- The records

########################################

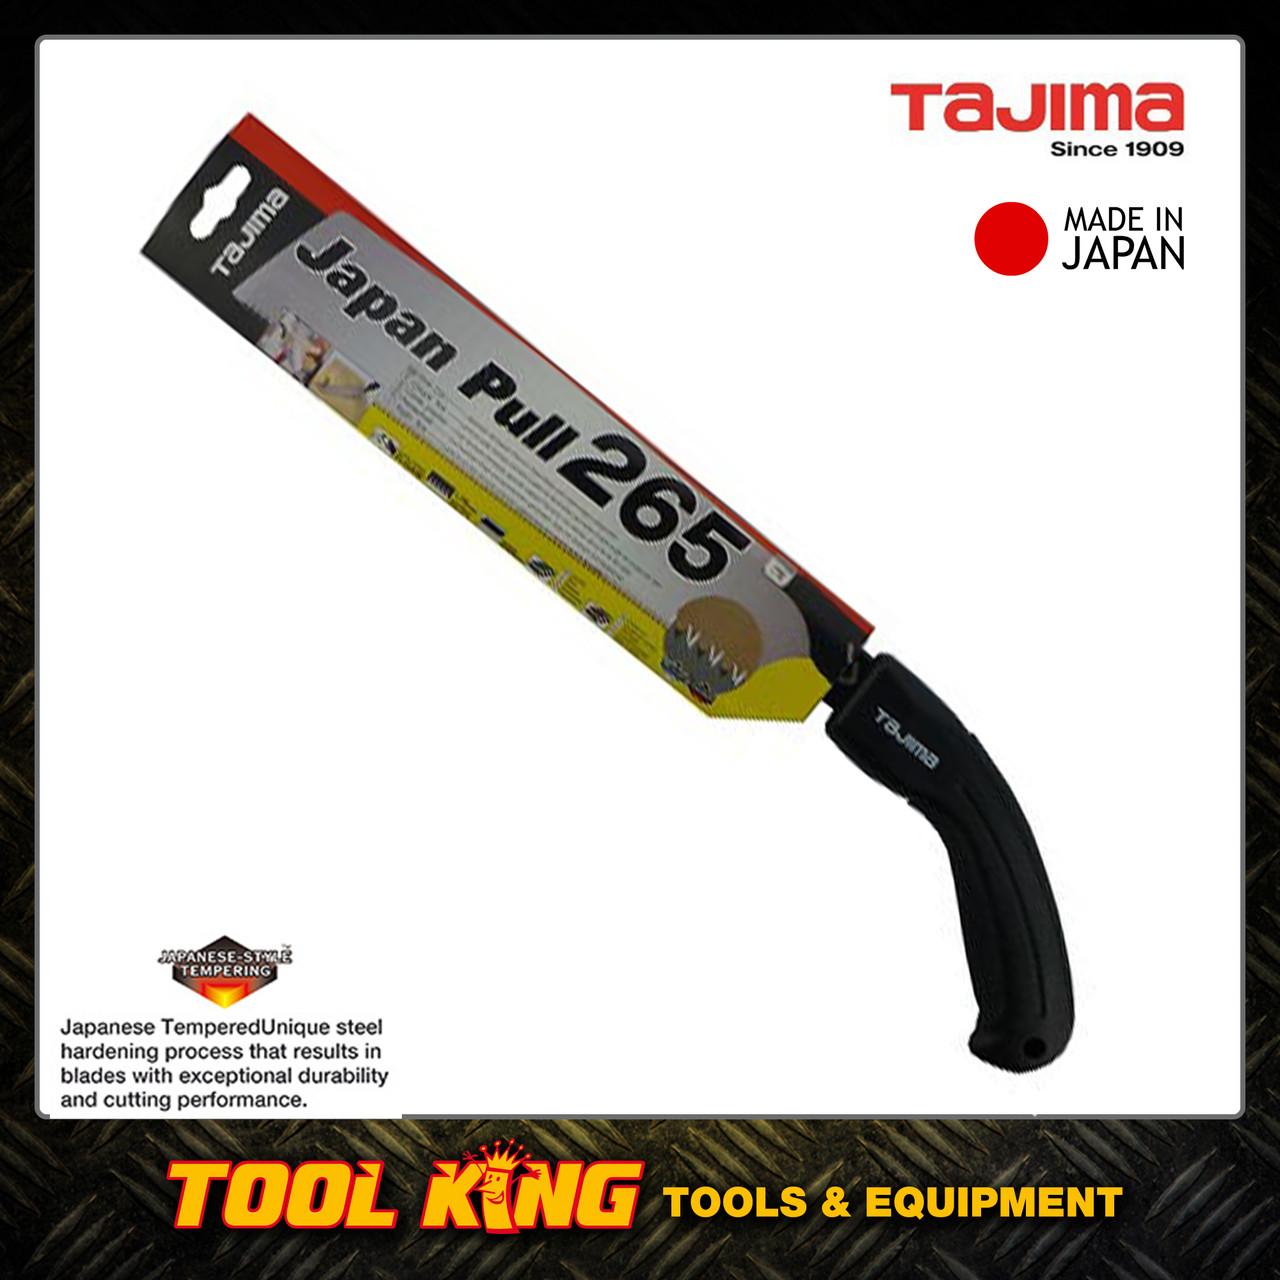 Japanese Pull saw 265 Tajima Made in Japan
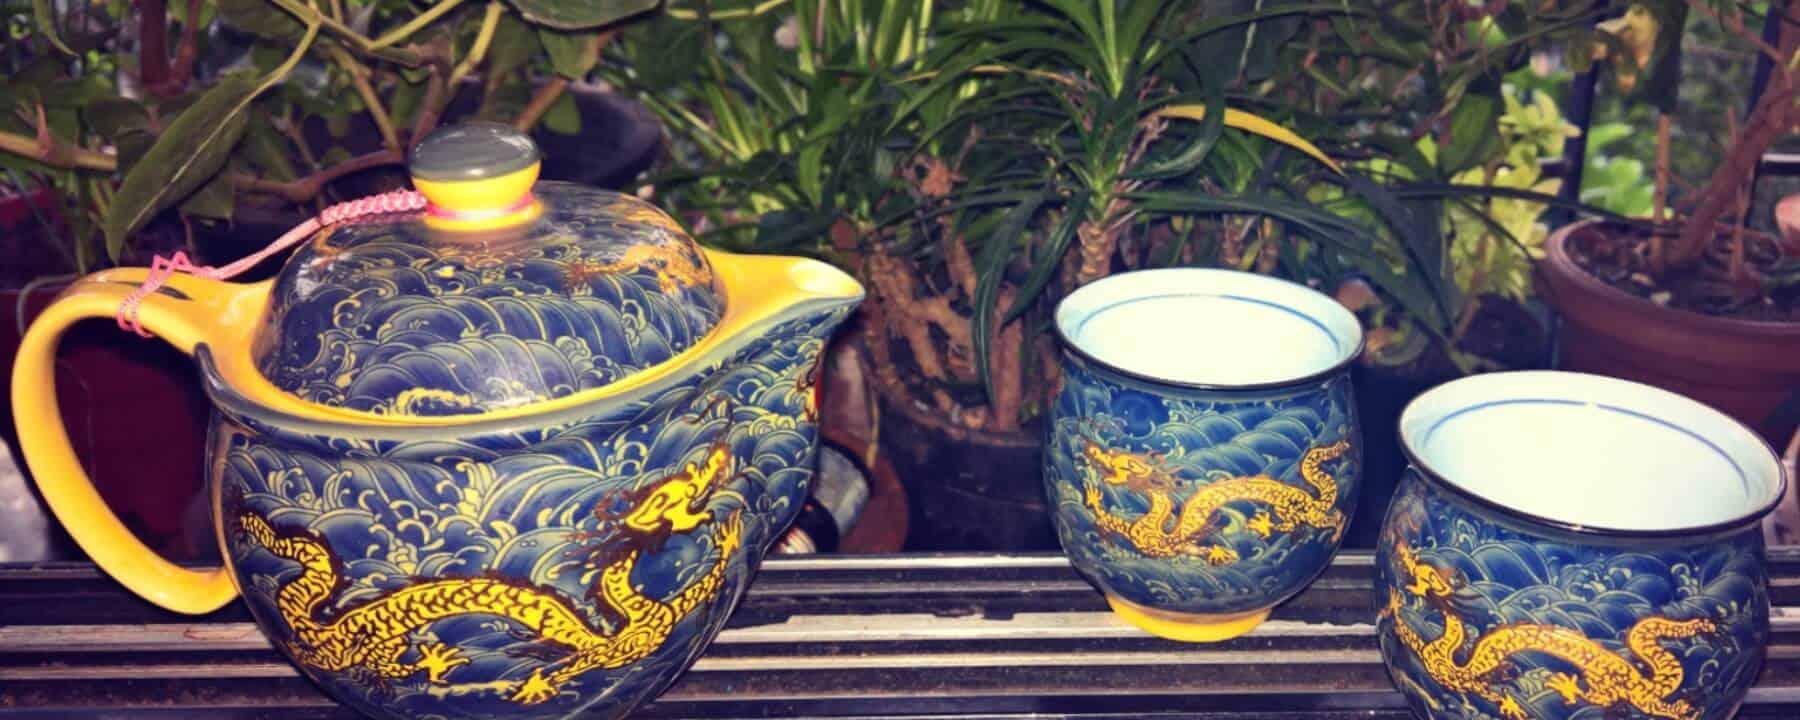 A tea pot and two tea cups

########################################

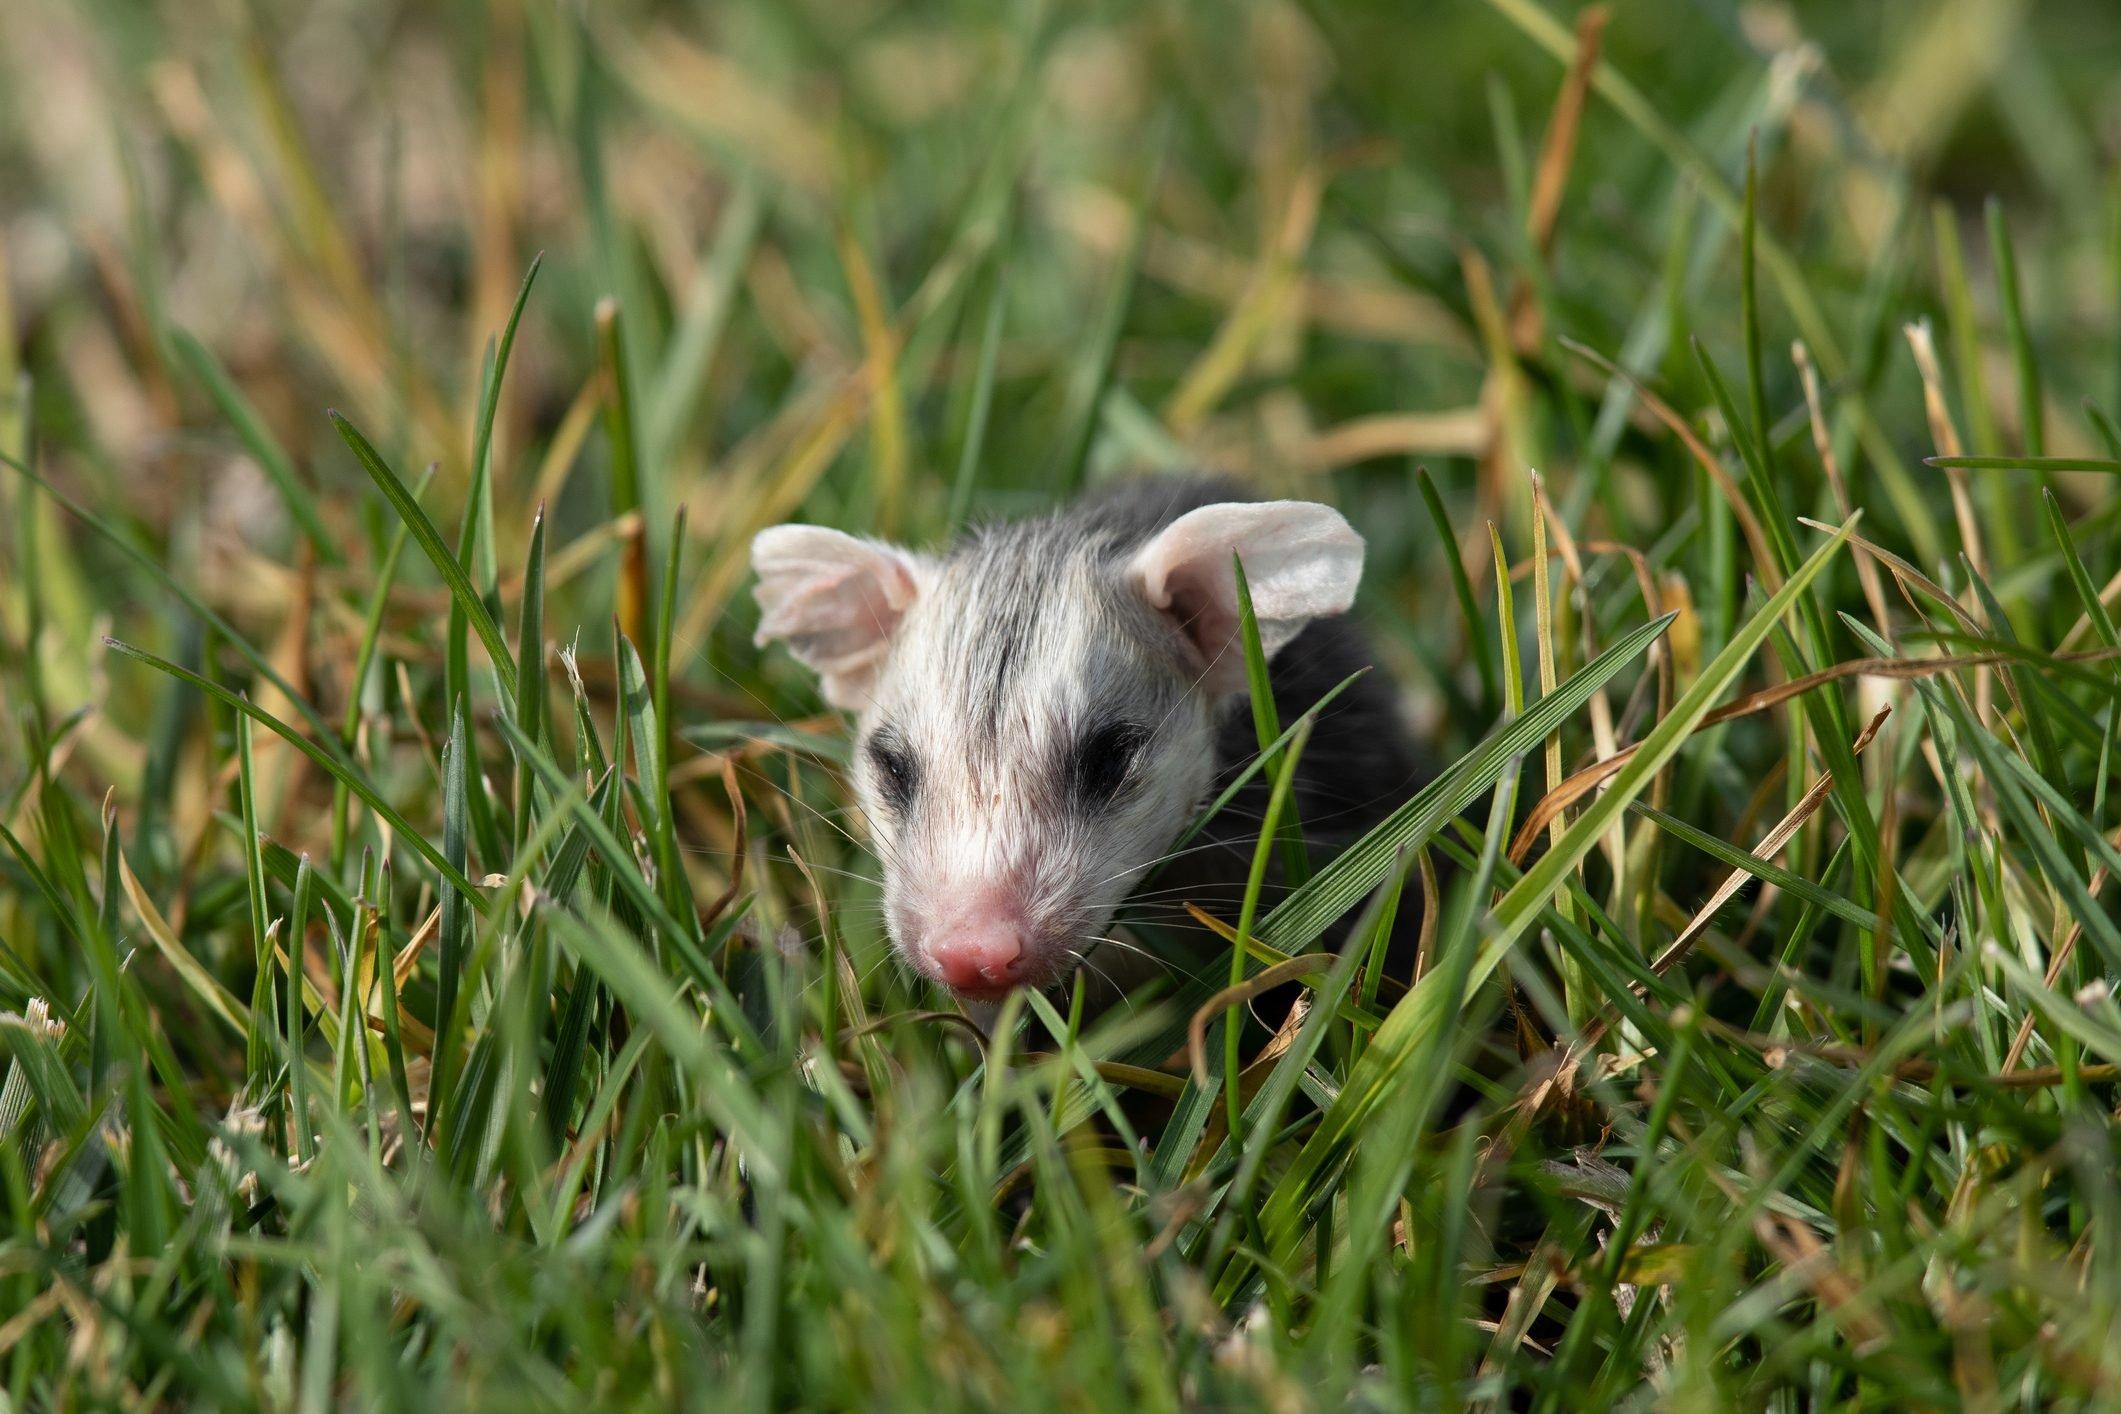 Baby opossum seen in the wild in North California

########################################

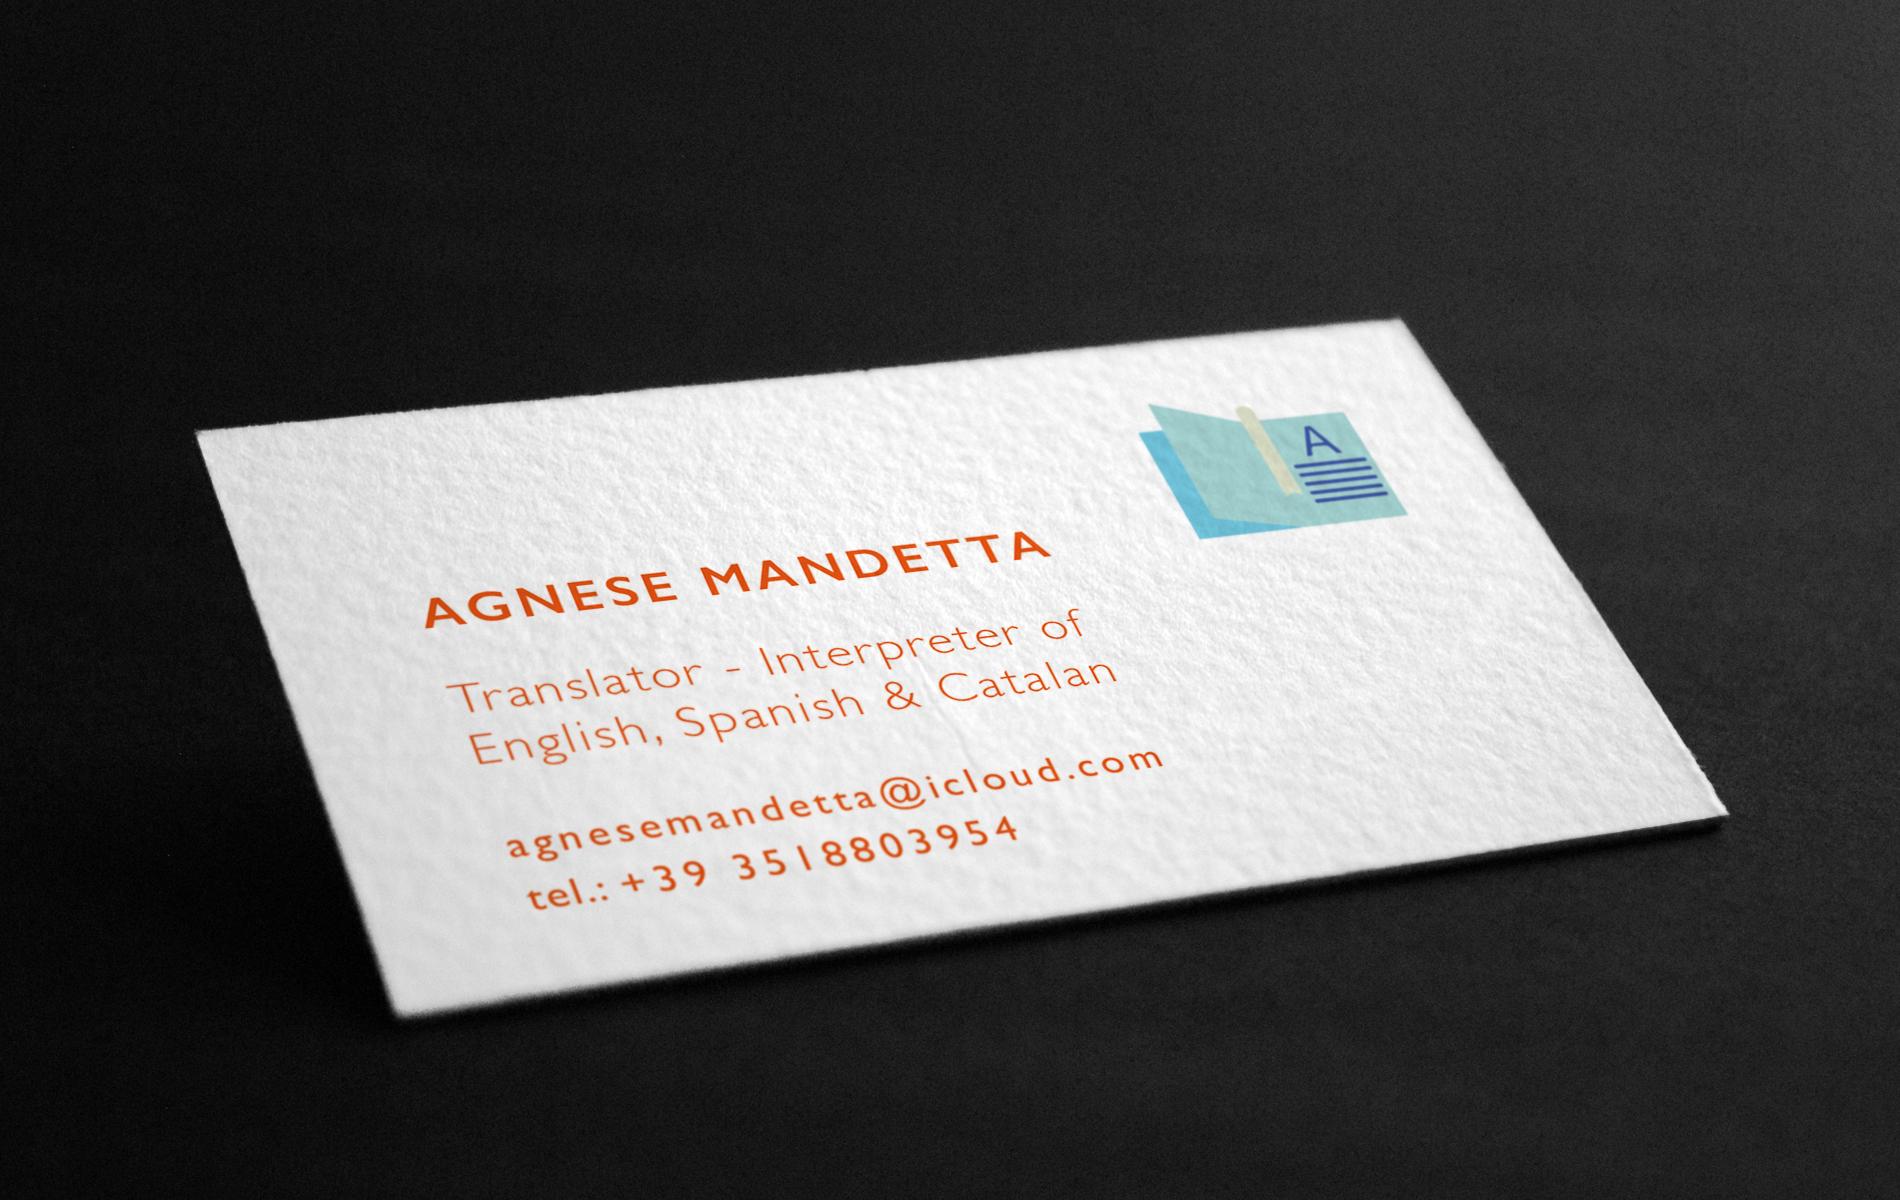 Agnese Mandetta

########################################

Print from the line containing "Japanese Pull saw 265 Tajima Made in Japan" through the line containing "A tea pot and two tea cups" in the data above, exactly as the lines stand, and omit every picture.

 Japanese Pull saw 265 Tajima Made in Japan
 A tea pot and two tea cups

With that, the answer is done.